:: Data records ::

---+---

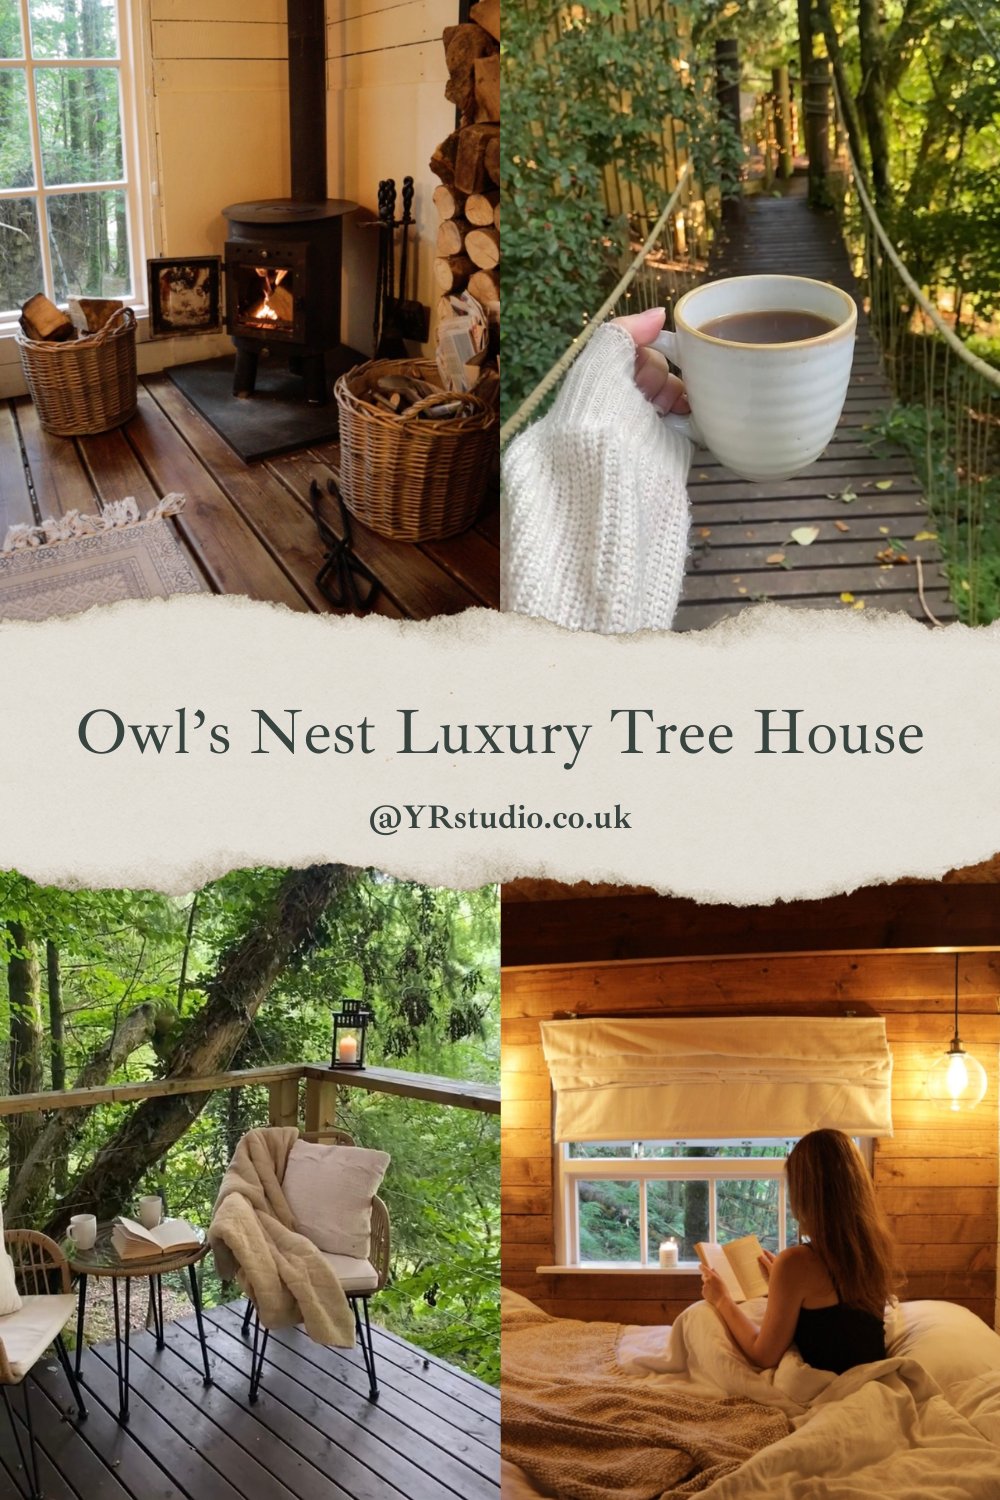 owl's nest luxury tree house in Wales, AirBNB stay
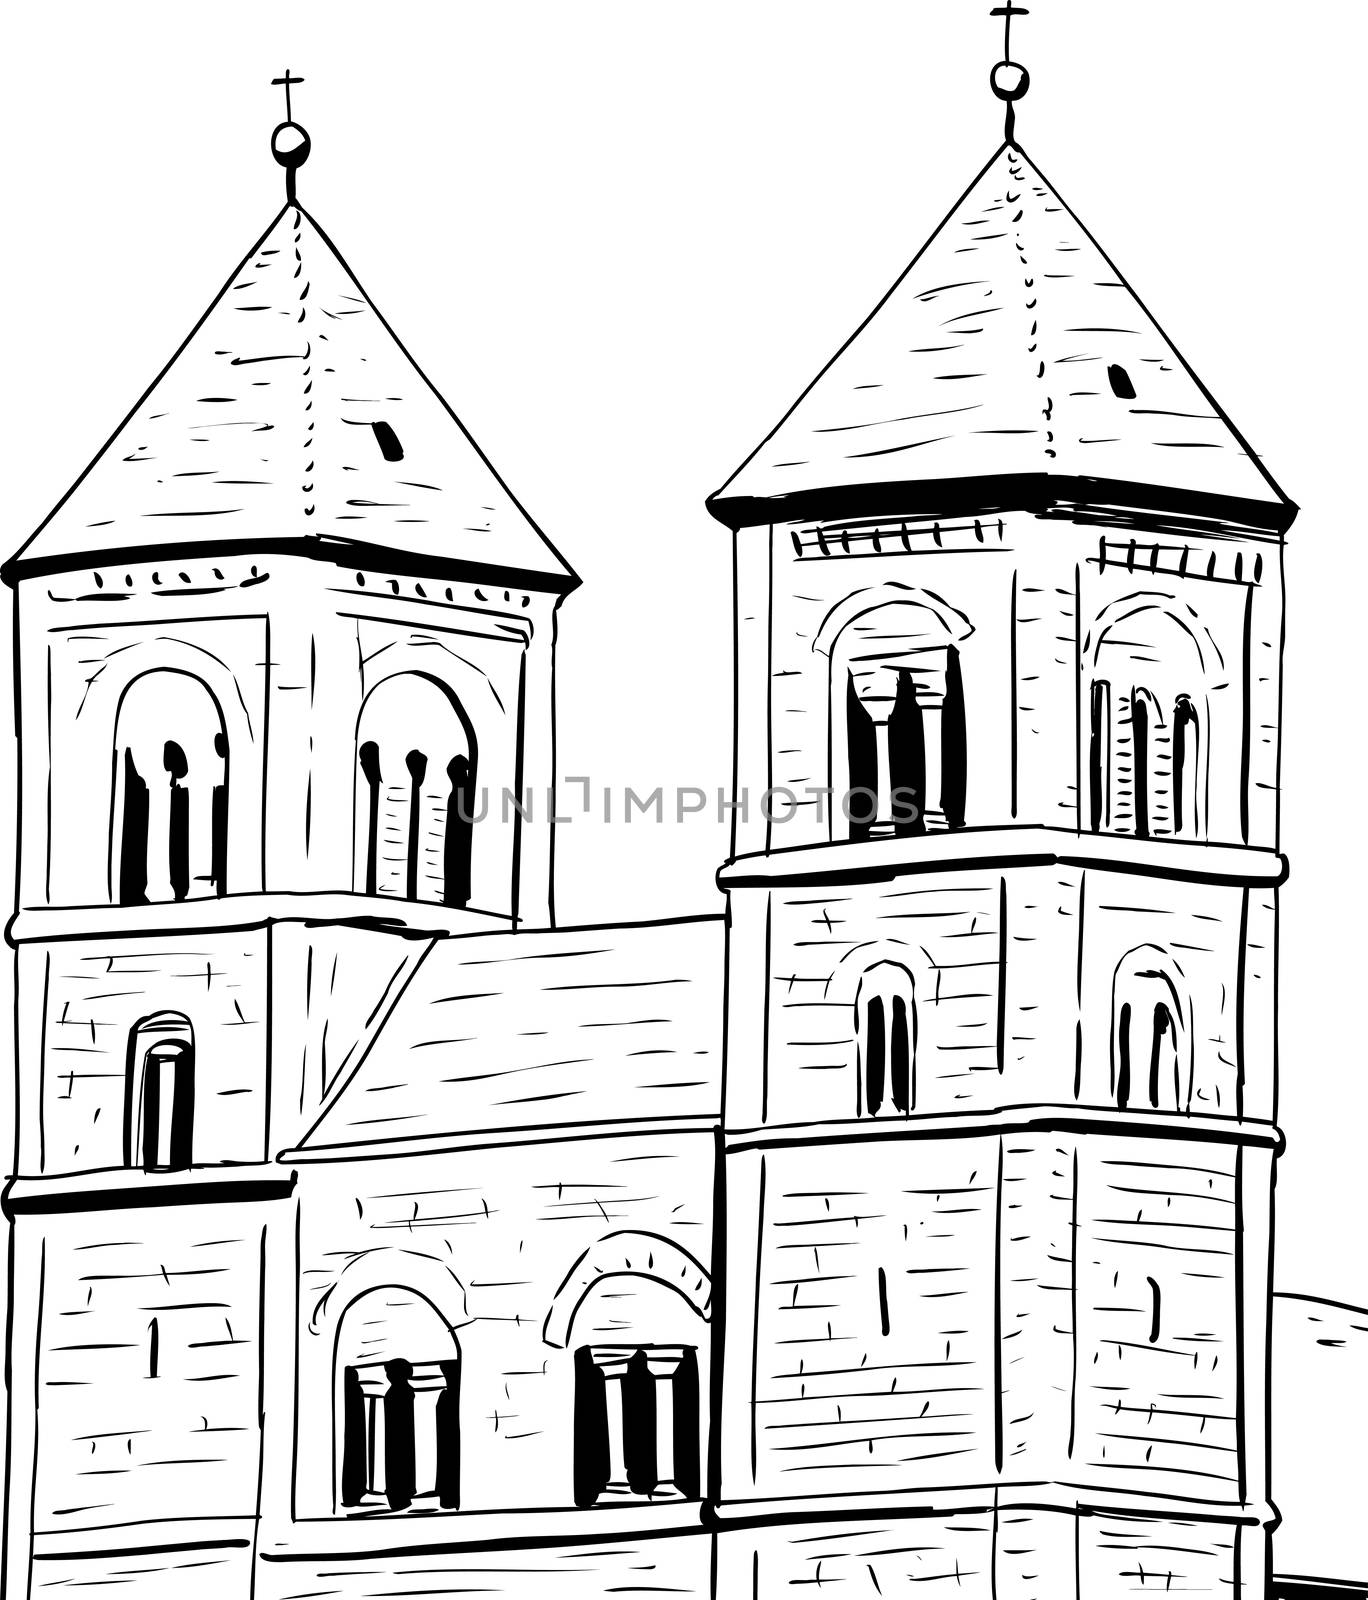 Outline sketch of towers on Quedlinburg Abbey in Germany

---+---

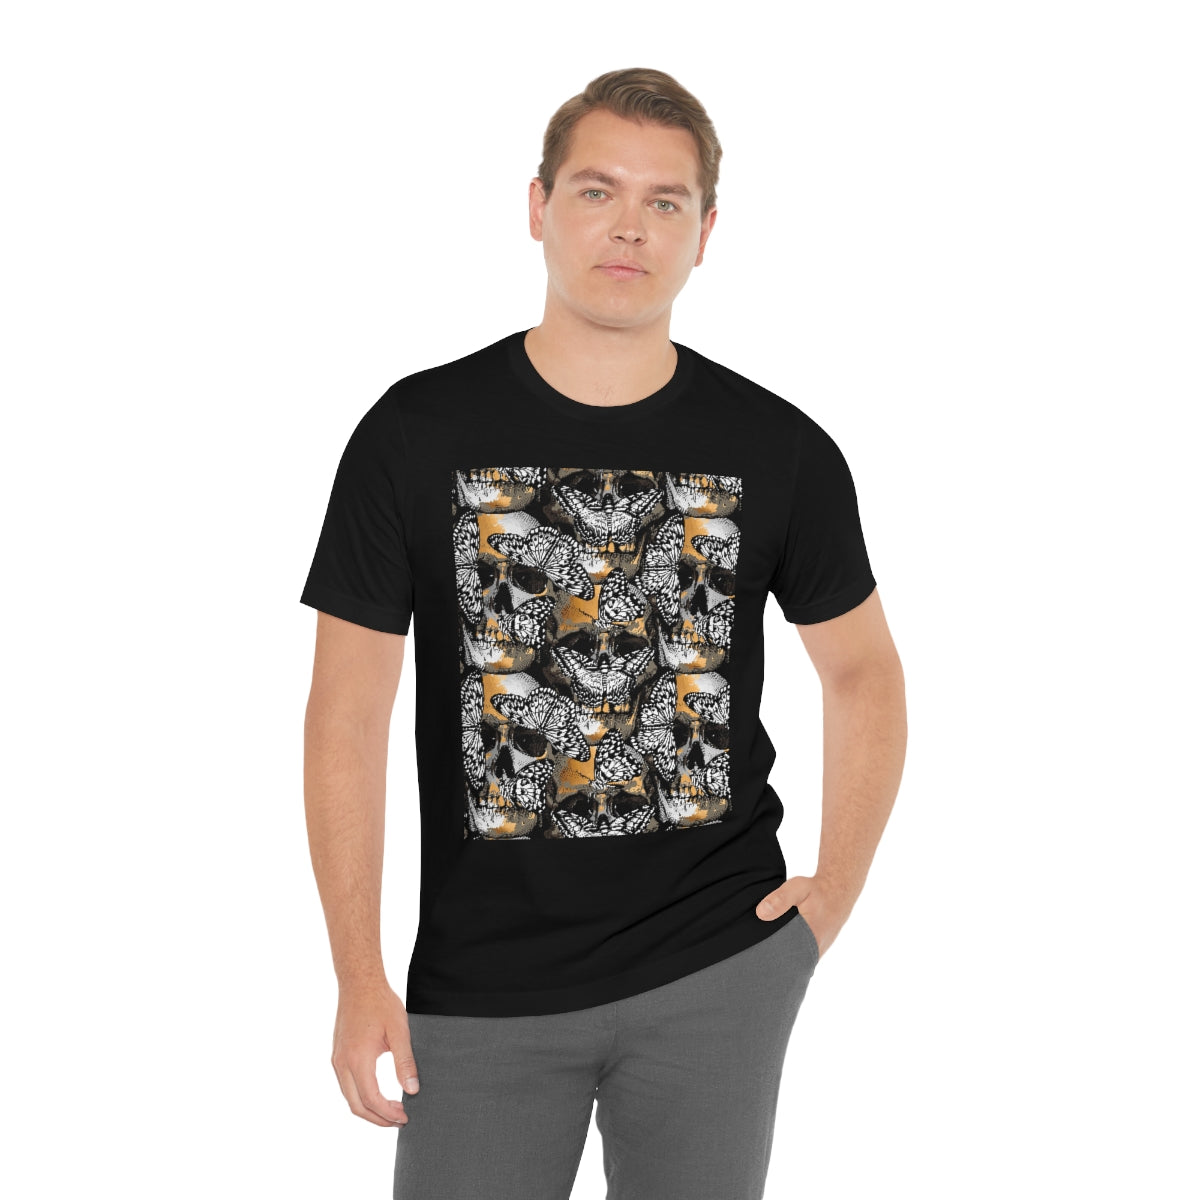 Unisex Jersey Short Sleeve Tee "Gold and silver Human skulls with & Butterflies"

---+---

Give again the lines of the listing above that run from the one with "owl's nest luxury" up to and including the one with "Outline sketch of". Keep them exact and omit the pictures.

 owl's nest luxury tree house in Wales, AirBNB stay
 Outline sketch of towers on Quedlinburg Abbey in Germany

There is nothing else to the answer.